Не поеду. Убей меня на месте, не поеду. Я себе не враг и жить хочу. У меня семейство.
Ну, в таком случае я еду один.
А я куда денусь? — кричит зло на меня мой спутник. — Меня ты в землю, што ль, закопаешь аль в кадушке домой, как сохатого, доставишь?
Сам чувствую, что не решусь бросить его одного в тайге. Молчу. Что же делать? Пока что надо выпить чаю. Насупились оба, как враги. Но знаем хорошо, что хотим помочь друг другу не меньше, чем каждый себе. И вдруг мне приходит счастливая и неожиданная мысль: спустить лодку через порог на бечеве. Иван Миронович противится недолго: иного исхода нет. Привязываем к лодке веревку, грузим на себя ружья, хлеб, одежду и отталкиваем наше суденышко от берега на волю волн. Лодка, как птица, выпущенная из клетки, нерешительно качнулась, вильнула носом, почуяв стремнину, и сразу рванулась вперед, понеслась, точно детский бумажный кораблик. Бегу за ней, умеряя ее веселый, беспечный пляс. Она скачет меж камней, как заяц, преследуемый хищником, не задерживаясь ни на секунду. Но какая удача: берег против порога оказался довольно удобным для прохода. А что бы мы стали делать, если бы на пути оказались каменные крутые глыбы? Я горжусь своею выдумкой и подтруниваю над вспотевшим от бега Иваном Мироновичем:
— И зачем мы, дураки, вылезли из лодки? Как бы хорошо было попрыгать по волнам! В городах за такое удовольствие деньги платят. Нет, смотри, как она резвится…
Иван Миронович не сердится. Я даже вижу, как он старается запрятать довольную улыбку в усы, серьезно покрякивая. Он доволен не меньше меня моей удачной выдумкой. Впоследствии нам никто не хотел верить, что мы сумели спуститься по Тагулу на лодке. У Ивана Мироновича позднее даже родилось честолюбие: он просил меня не говорить, что мы вылезали на порогах из лодки. Обычно все промышленники спускаются по Тагулу на плотах. Макс рассказывал мне, как они и с плотом застряли в камнях, когда возвращались сверху с Филатычем. Плот крепко врезался в подводные скалы. Стоял густой туман над рекой, в пяти шагах ничего не было видно. Они начали было уже разбирать свой плот, надеясь остатки его освободить из каменного плена, как вдруг совсем рядом грохнул ружейный выстрел. Снизу по Тагулу поднимался Богатырь: так звали Лабутина за его огромный рост и силу. Он помог им сняться с порогов.

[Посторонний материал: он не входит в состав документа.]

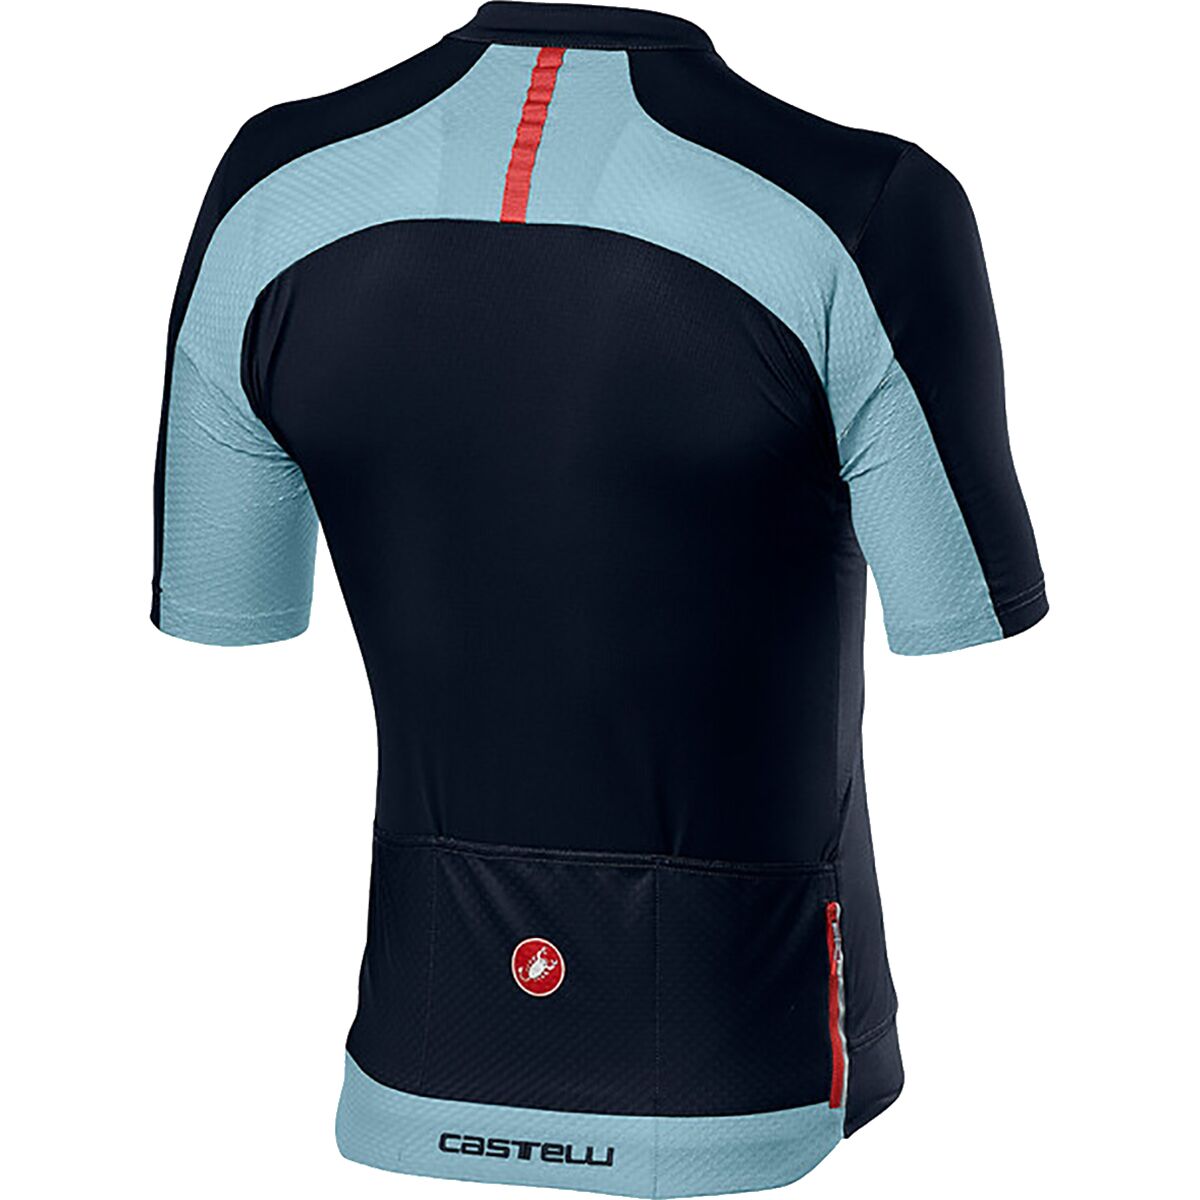 Details about   CASTELLI Maillot Vantaggio RED/BLACK 4520018656 Men’s Clothing Jerseys 
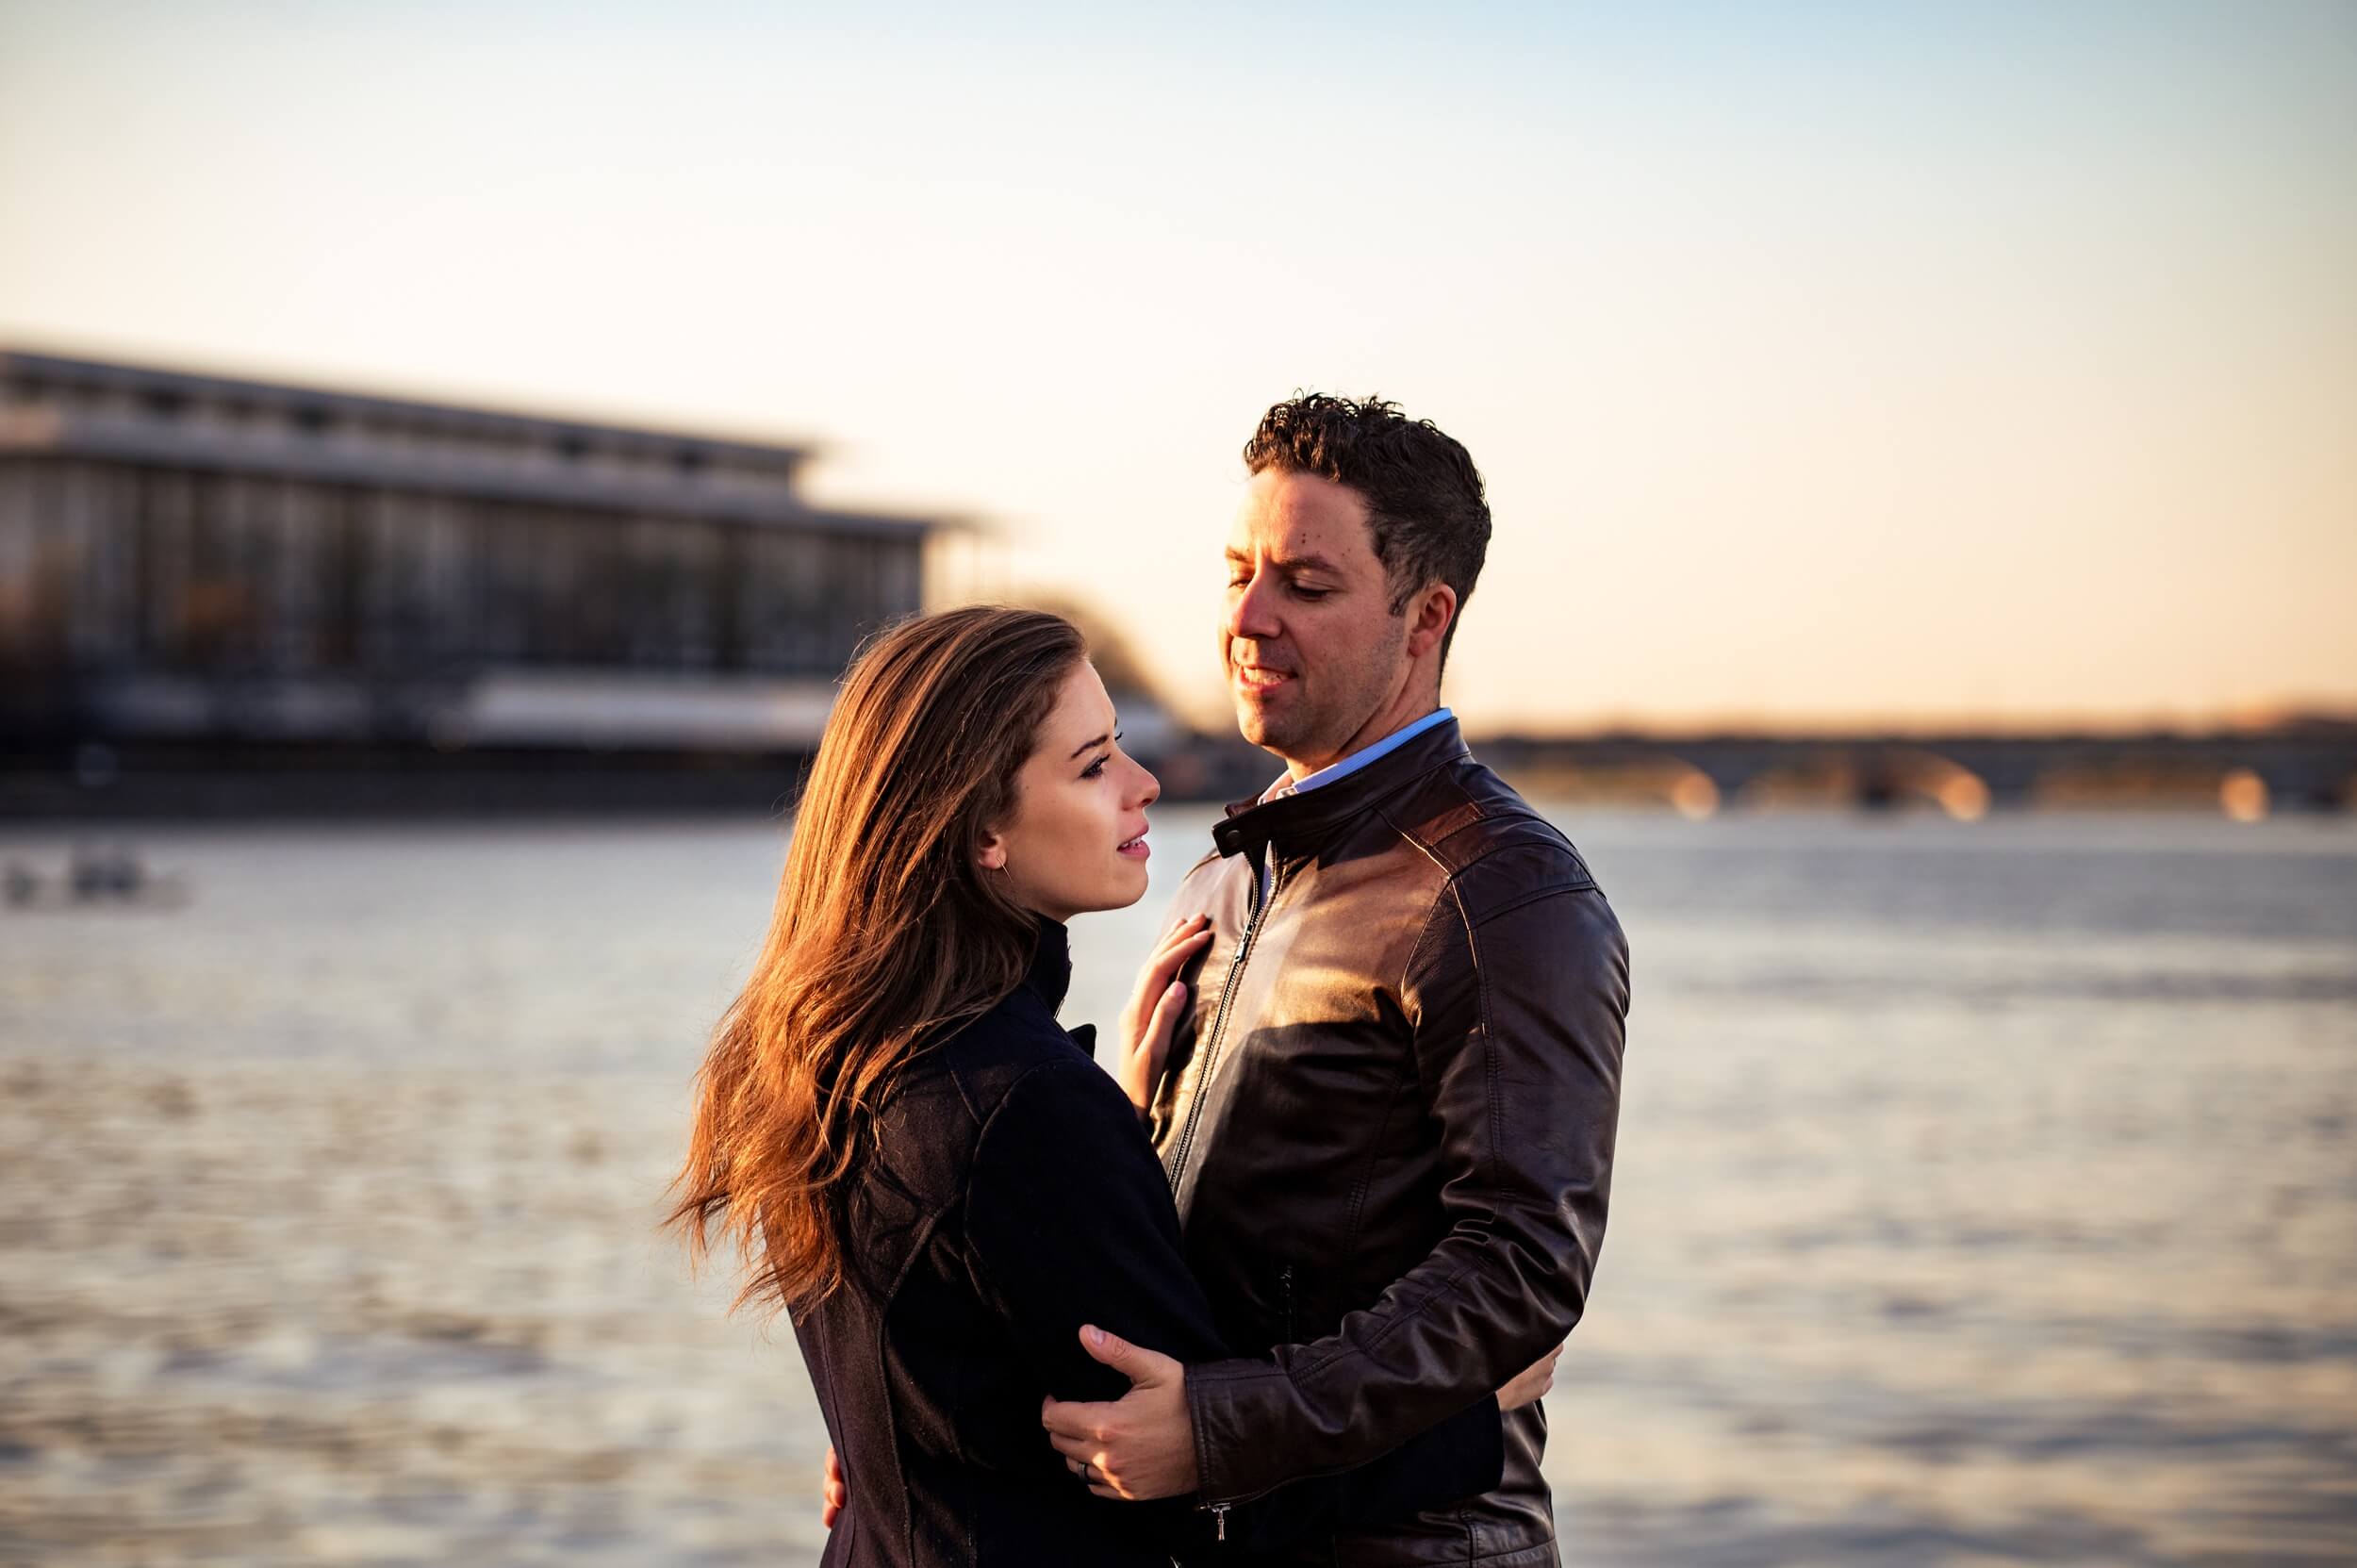 sunrise in georgetown dc photographer engagement photos 1

К вечеру прощаемся с последним порогом. Я с искренним сожалением, а мой спутник с такою же искренней неприязнью. Он так рад, что не хочет даже останавливаться, забыв свою мечту покараулить зверя. Мы мчимся теперь без задержек. До боли жаль мелькающих диких взмахов земли, каменного хаоса и буйной таежной растительности. А тайга распахивает все шире и шире свою зеленую шубу. Горы с величавым и ласковым удивлением наблюдают наш бег. Тяжелые камни и скалы дышат нам вслед. Солнце щедрыми пригоршнями разбрасывает ослепляющий свет во все уголки. И кажется в сладкой тоске, что ты бежишь от древней своей родины, покидаешь естественную свою колыбель. Уже шевелятся внутри тебя, пробуждаются от сна, царапая лапами, зверушки разных ненужных чувств, порожденных городом, скуки, пустого ненавистничества, мелких изломов души, усталости от безделья. Какое неизъяснимое наслаждение быть каждую секунду в плену у природы, вставать с солнцем, засыпать с солнцем, дышать в ритм со всем миром, не отрываясь от него ни на минуту! Ощущать, как горячий воздух — живое дыхание солнца — вливается в тебя, тревожит радостными прикосновениями каждую твою клеточку тела.
Последняя ночевка у Холодного плеса. Кровавый закат над горами, розоватые просветы в небе, убегающие в бесконечность. Тихая ночь, опустившаяся над нами, как мать над колыбелью ребенка. Очарование незаметного одиночества. Мысли, бегущие тихими, ровными волнами, как течение реки, как камыш, ласкаемый ночным неслышным ветром. Дымок костра, барашковые облака на потухающем небе, заснувшие деревья, — какая в этом во всем незыблемость покоя и воли, какое ясное физическое ощущение вечности, бессмертия жизни!..
На заре проезжаем величавый Бычий увал. Никогда не уйти из моих глаз этому широкому утру, опьяневшему от солнца! Мощные взмахи земли, огромные зеленые ковры лесов, распластанные по складкам гор, вольное полотно неба, нежное, голубое, и эта живая, бешеная водяная гора, мчащая нас вниз. Крики взматеревших крохалей, первое лето увидавших это вакхическое солнце и этот дикий, неуемный мир, призвавший их к жизни! Выходим у залива на берег. На траве, еще не сбросившей с себя ночной росы, медвежьи следы. Зверь прошел здесь сегодня утром. Я вкладываю в осадины от его лап на мягком иле свою ладонь, чтобы измерить величину его ступни, и содрогаюсь: мне кажется, что в меня вливается теплое медвежье дыхание…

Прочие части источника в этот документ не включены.